Champaign, Ill. (WCIA)
2021 Food Trends–It’s all about healthy Immune-Enhancing and Stress-Reducing Foods
Popular in Ancient Chinese and Ayurvedic medicine
What are they (plants & herbs)
How to add them to meals/snacks/drinks
Medicinal mushrooms (powdered)
Turmeric (powdered and freshly grated root)
Holy Basil (powdered in tea form)
Popular 2021 foods include:
- Chickpeas (#1)
- Coffee (in everything)
- Fermented foods
- Breakfast foods (cereal is making a comeback)
Today Anita is featuring Kung Pau Chickpeas—a healthy plant-based spin on a Chinese restaurant favorite.
Author: Anita’s Table Talk
- 1 15-oz can chickpeas
- 1 Tablespoon liquid aminos or tamari (or soy sauce)

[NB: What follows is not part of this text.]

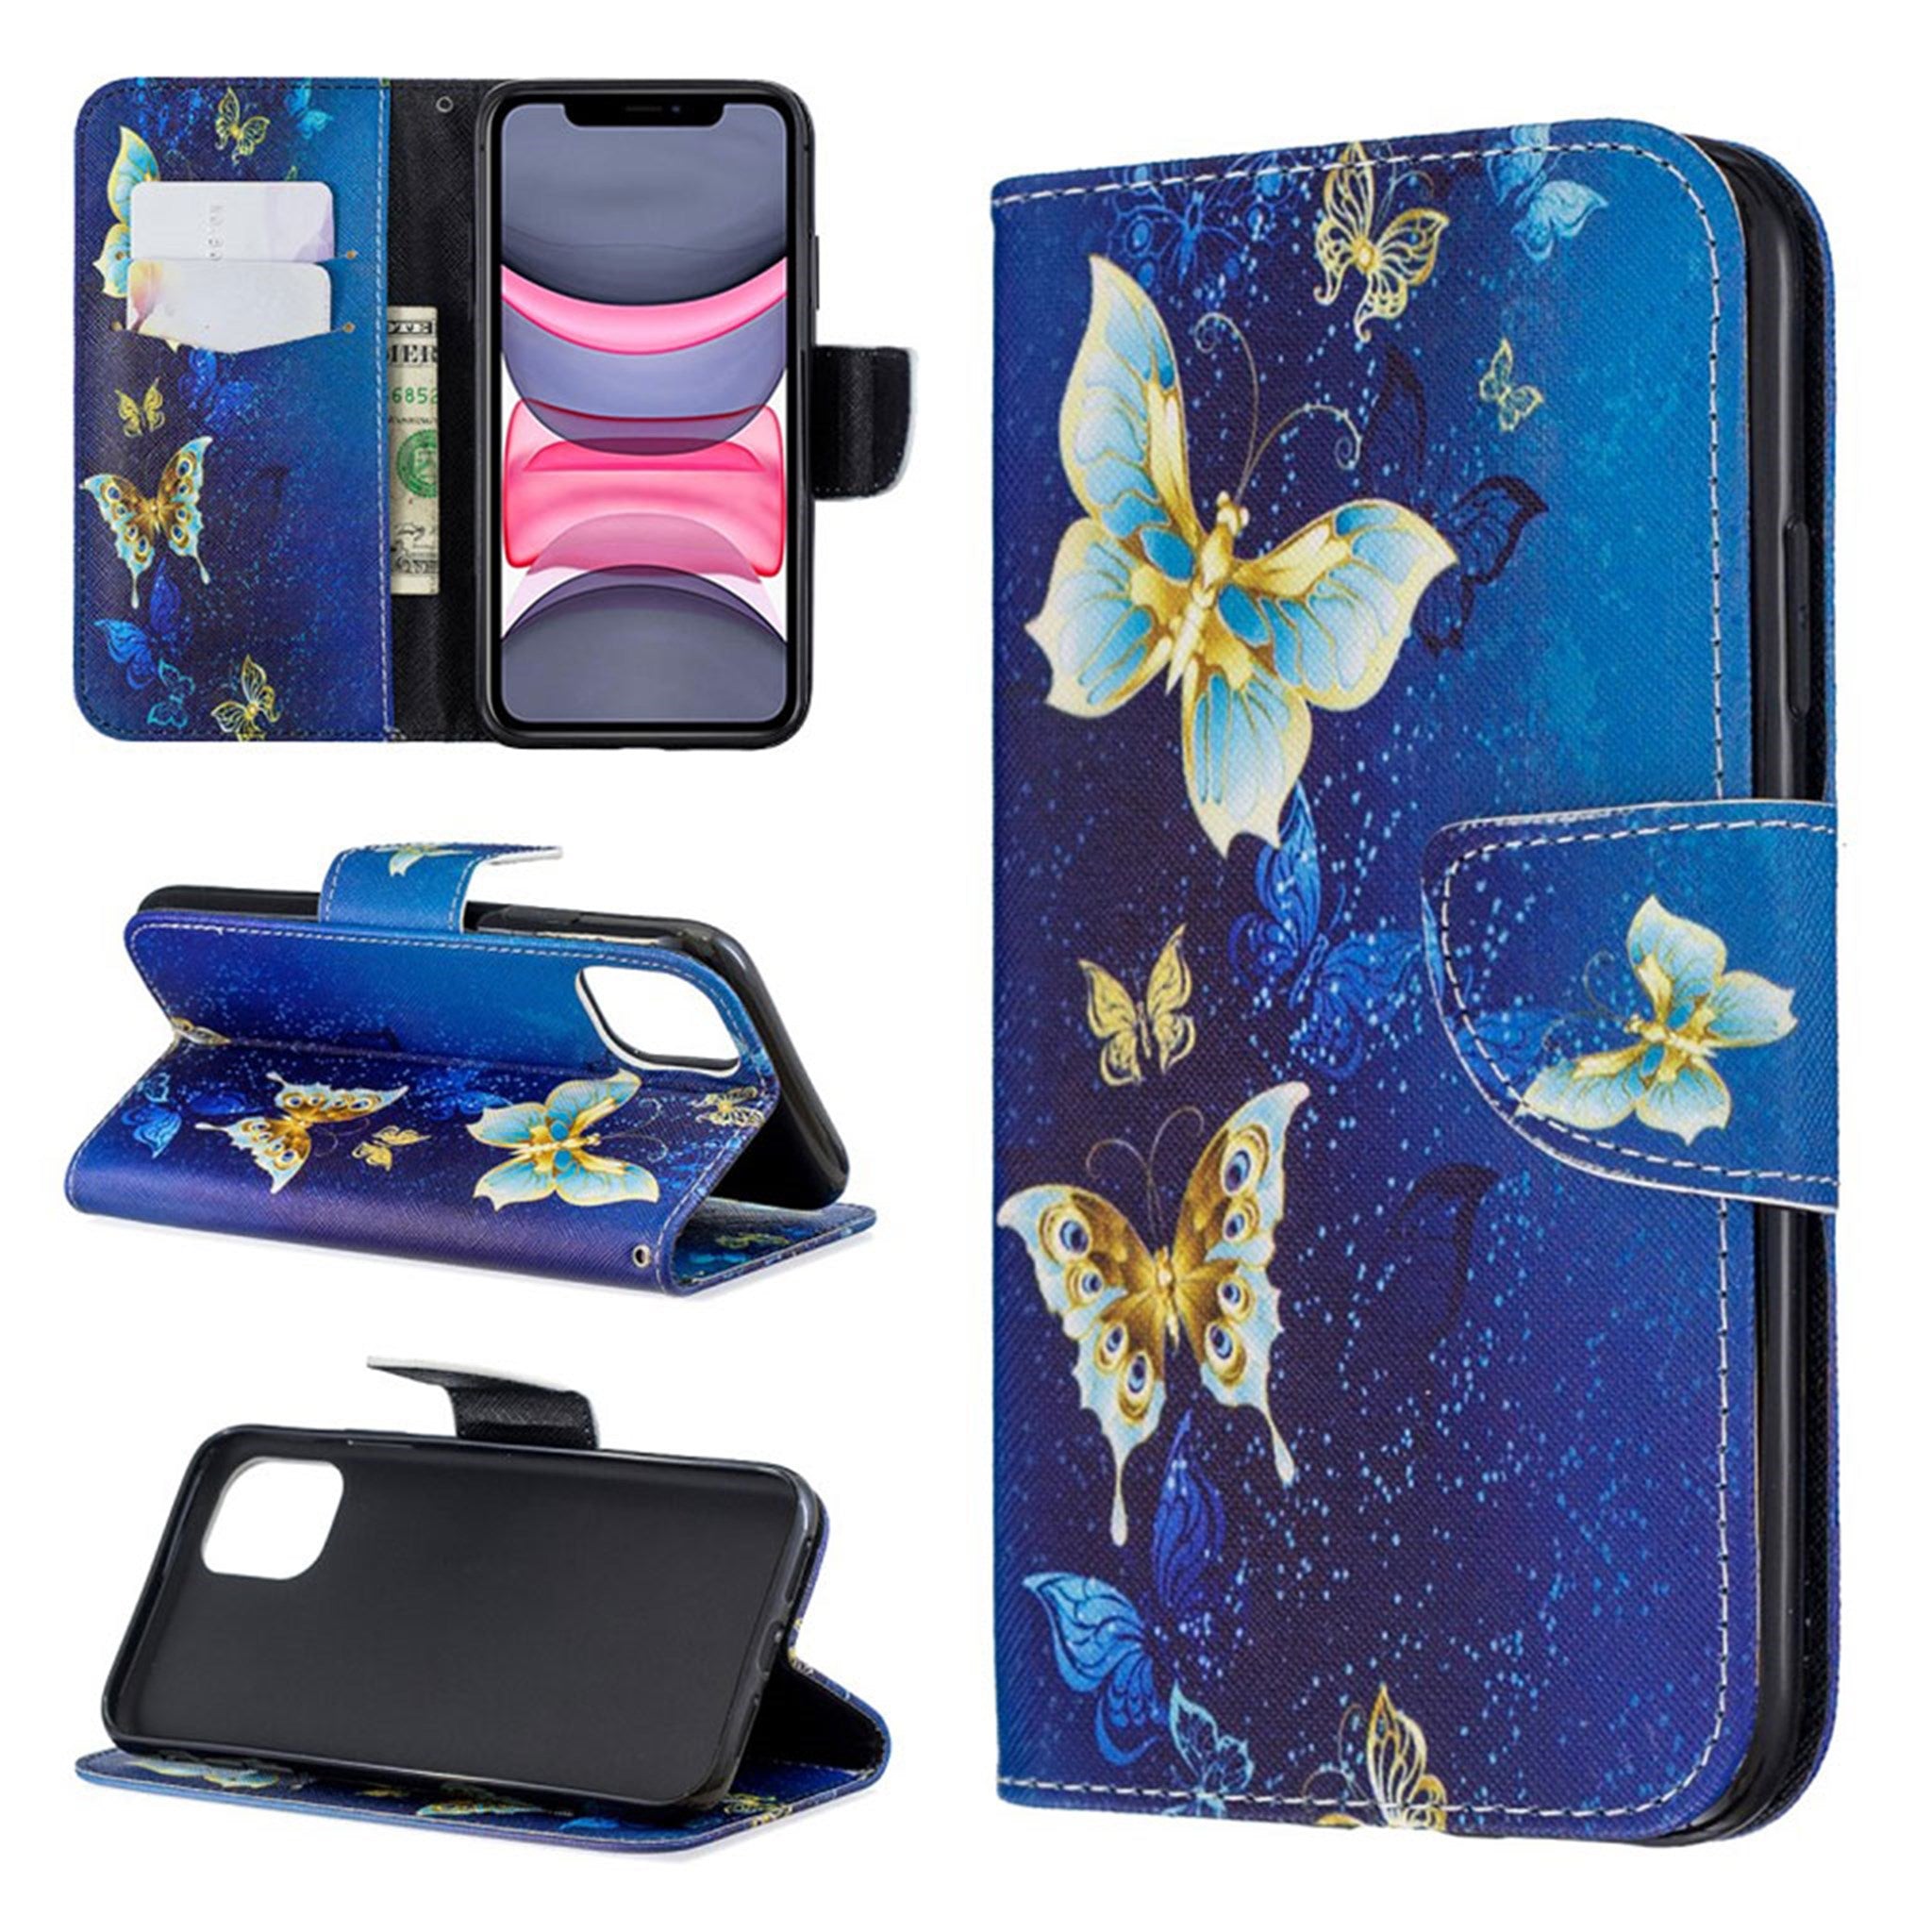 Wonderland iPhone 11 flip case - Gold Butterflies

- 1 Tablespoon fresh lemon juice
- 1 Tablespoon cornstarch
- 1 Tablespoon coconut oil
- 2 cloves garlic, chopped
- 1 teaspoon freshly grated ginger
- 2 green onions, chopped (extra for garnish)
- 1/2 cup chopped red bell pepper (optional)
- 1/2 cup chopped celery (optional)
- 1/2 cup vegetable broth (or chicken broth)
- 1-2 Tablespoons coconut sugar (or brown sugar/sweetener of choice)
- 2 teaspoons liquid aminos or tamari (or soy sauce)
- 1/2-1 teaspoon chili sauce or sriracha (or more if you like it SPICY)
- 1 teaspoon peanut butter
- 1 teaspoon roasted sesame oil
- ¼ cup peanuts, chopped (for garnish)
- 1 green onion, chopped
In a medium bowl, COMBINE chickpeas, liquid aminos (tamari or soy sauce), lemon juice and cornstarch.
MARINATE chickpeas for 10 minutes.
PLACE sauce ingredients in a small bowl. STIR to combine. Set aside.
In a large skillet, HEAT olive oil on LOW heat.
ADD the garlic, ginger, green onion, bell pepper, and celery.
SAUTÉ until vegetables begin to soften, about 2-3 minutes.
Turn heat to medium-low. ADD chickpeas and STIR.
ADD sauce to chickpea mixture and COOK until sauce thickens and vegetables are soft, about 5 minutes.
REMOVE from heat. STIR in the sesame oil.
STIR in extra broth or water if mixture is too thick, a little at a time.
SERVE over steamed rice.
GARNISH with chopped green onions and peanuts.